Jason Patton responded
 
> Hmmmm... is this technically correct?  I remember sitting in Lake Placid
> last year after Princeton won the tournament, and I essentially used RPI to
> figure out who was going to make the tournament and who was not (just like I
> have done for the past 4 years).  And I know I was able to figure out who
> was going to be in the tournament before PWR was published on a widespread
> basis.
 
The NCAA has told a number of people over the past couple of years
that the tournament is seeded according to the results of the pairwise
comparisons between individual teams.  This is not quite the same as
comparing the PWR, which is the total number of comparisons won, but
it's a lot closer to than either method is to comparing the RPI.
 
There is a fairly well laid-out method by which the NCAA seeds the
national tournament, which is explained in the following places:
 
http://www.slack.net/~whelan/cgi-bin/tbrw.cgi?pairwise
http://www.uscollegehockey.com/news/1998/03/19_selectionfaq.html
http://www.uscollegehockey.com/tournament/032097.html
 
With only a twelve-team field, it's not inconceivable that two methods
(RPI and pairwise comparisons) would yield the same results by
coincidence.  That's why trying to guess the method based on past
results is dangerous.
 
> Because if you ask me, they use RPI a lot more than PWR (we only get to PWR
> when teams are very close in RPI and even then, it is the team vs. team
> comparisons and not how many PWR points a team has).
 
I disagree.  The RPI, aside from being an ingredient in pairwise
comparisons themselves, is only used as a tie-breaking method when
individual comparisons are inconclusive (e.g.

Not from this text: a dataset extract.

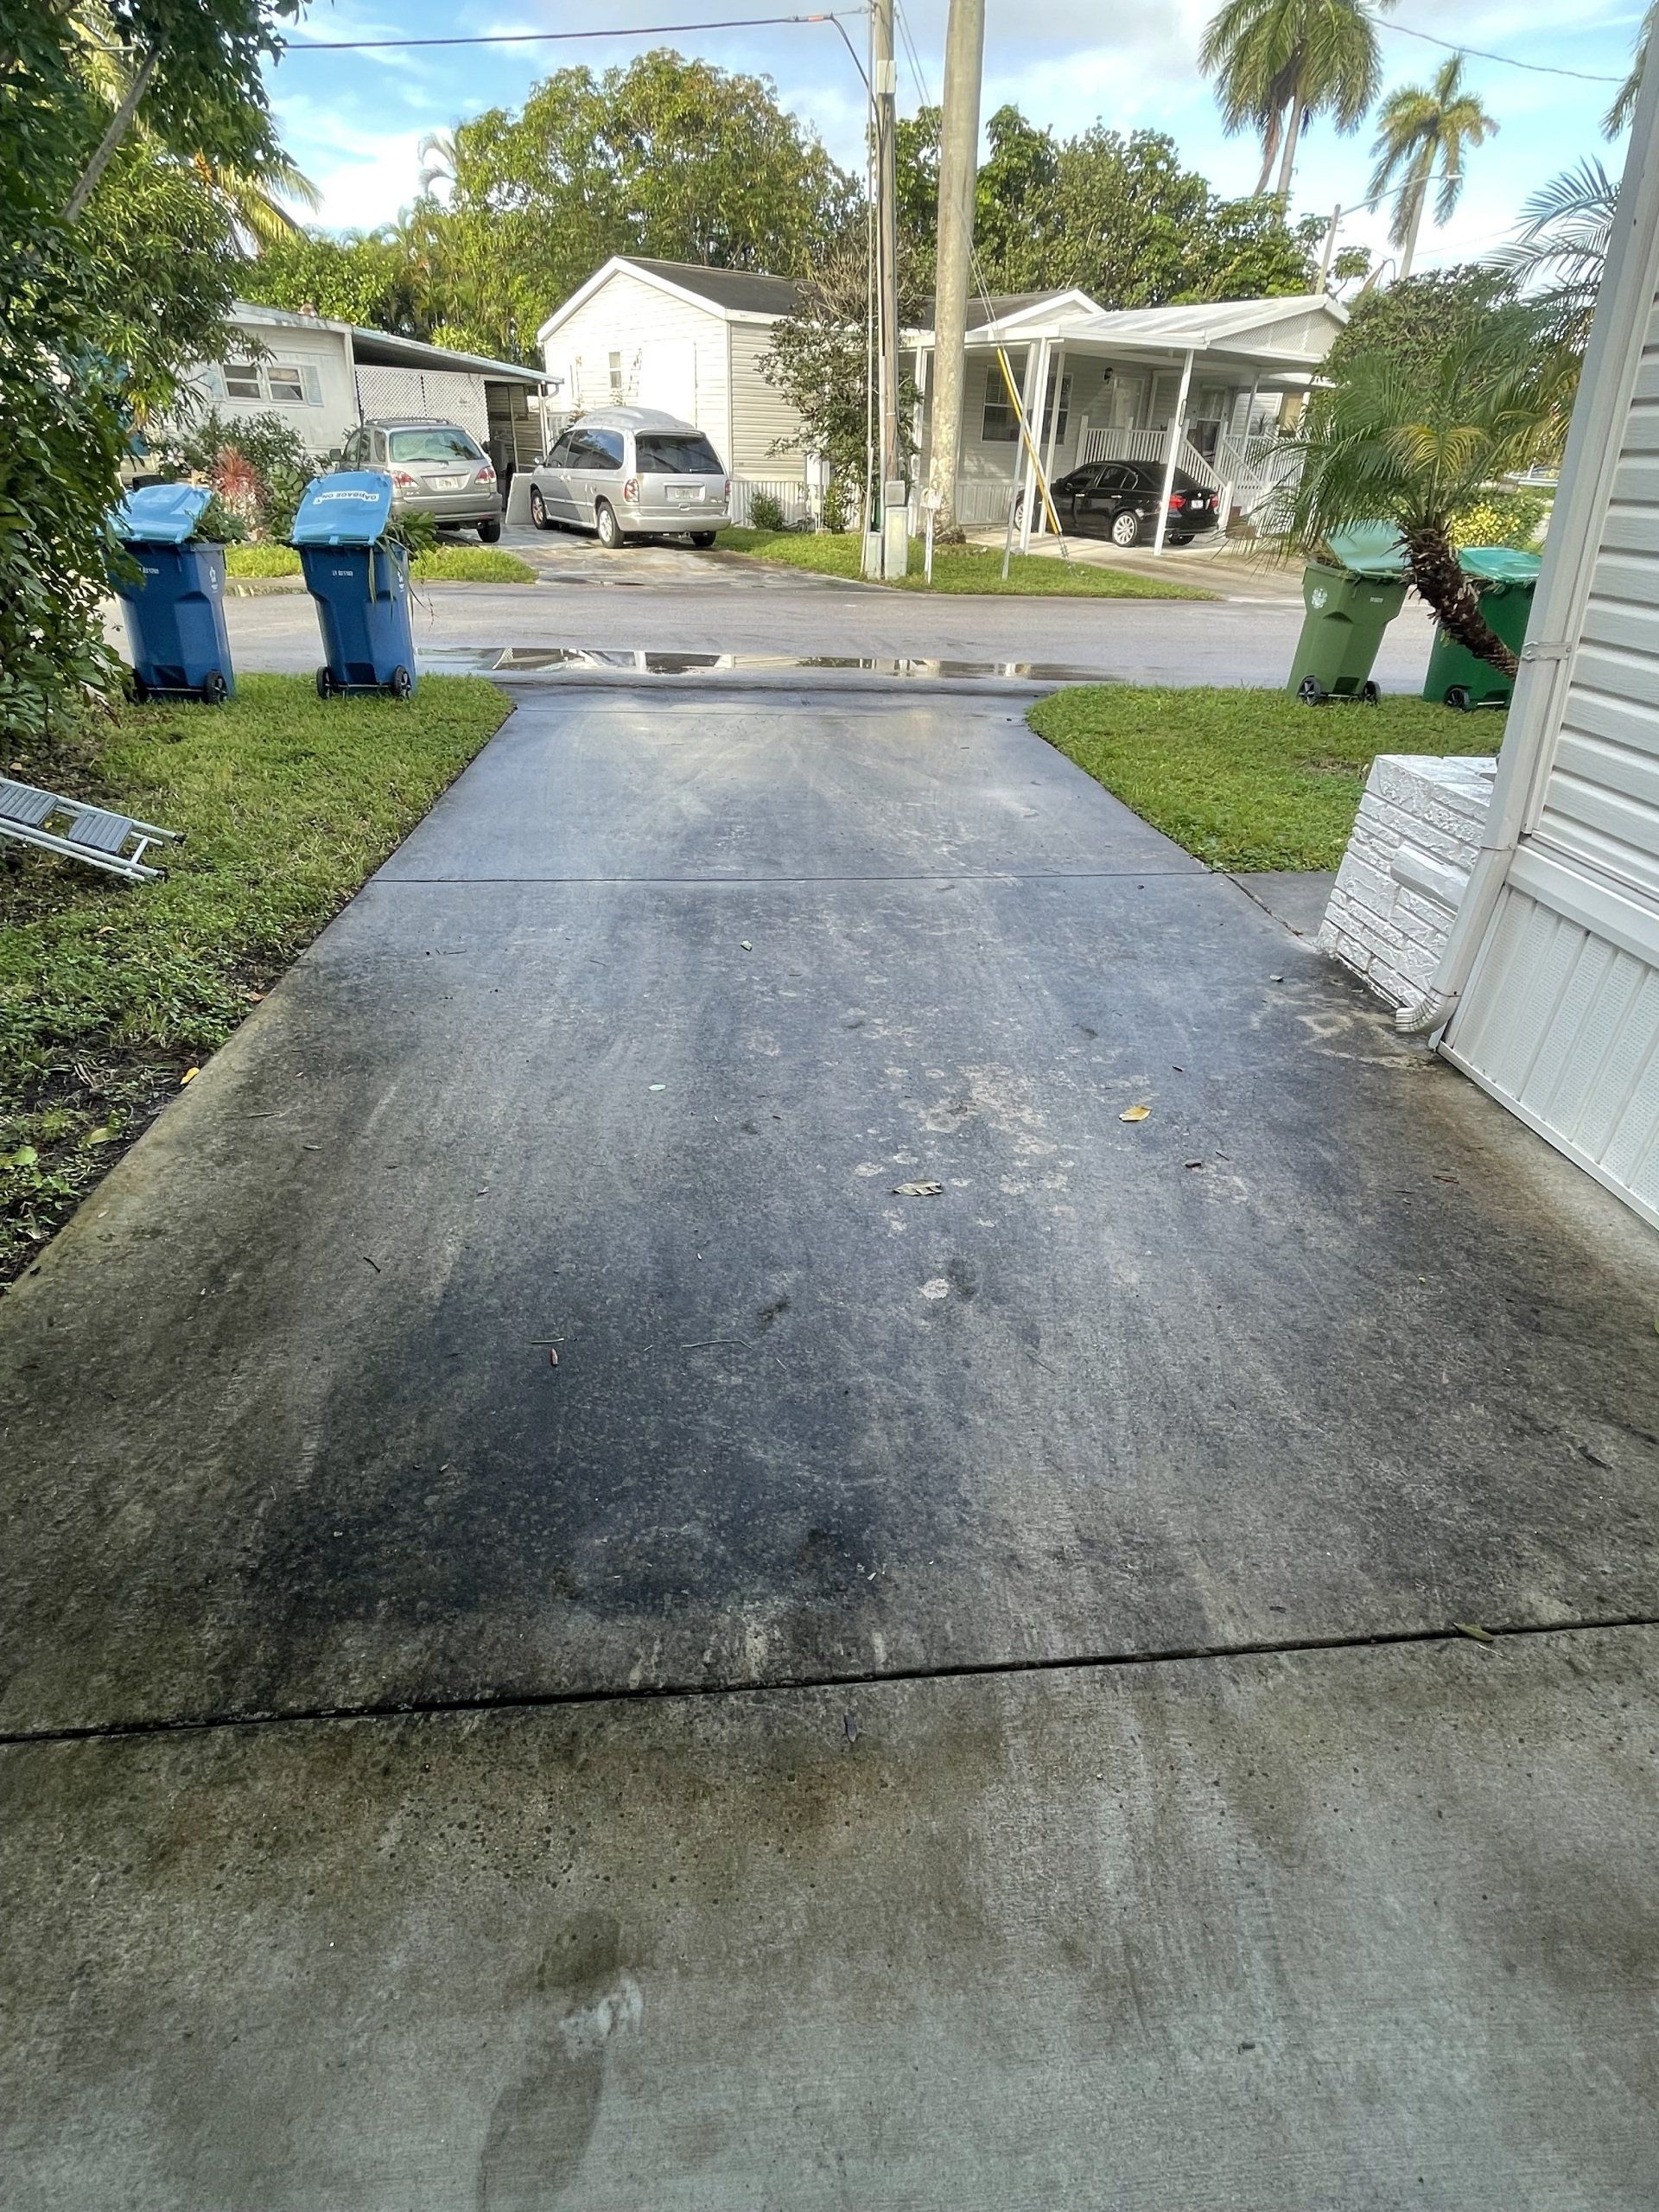 Restore the pristine look of your driveway and sidewalks

A beats B, B beats C, C
beats A).  The NCAA hasn't been completely unequivocal on what the
definition of the bubble is, but Joe Marsh's explanation strongly
implies they decide that on the basis of the pairwise comparisons and
not just the RPI.
 
Lee's statement is not precisely accurate because the committee uses
pairwise comparisons in a more complicated way that just comparing
total PWR (which why I'd like to see USCHO list all of the comparison
results in some compact table).  But PWR certainly gives a better feel
for the seeding process (as of 1996) than straight RPI.
 
                                          John Whelan, Cornell '91
                                                  [log in to unmask]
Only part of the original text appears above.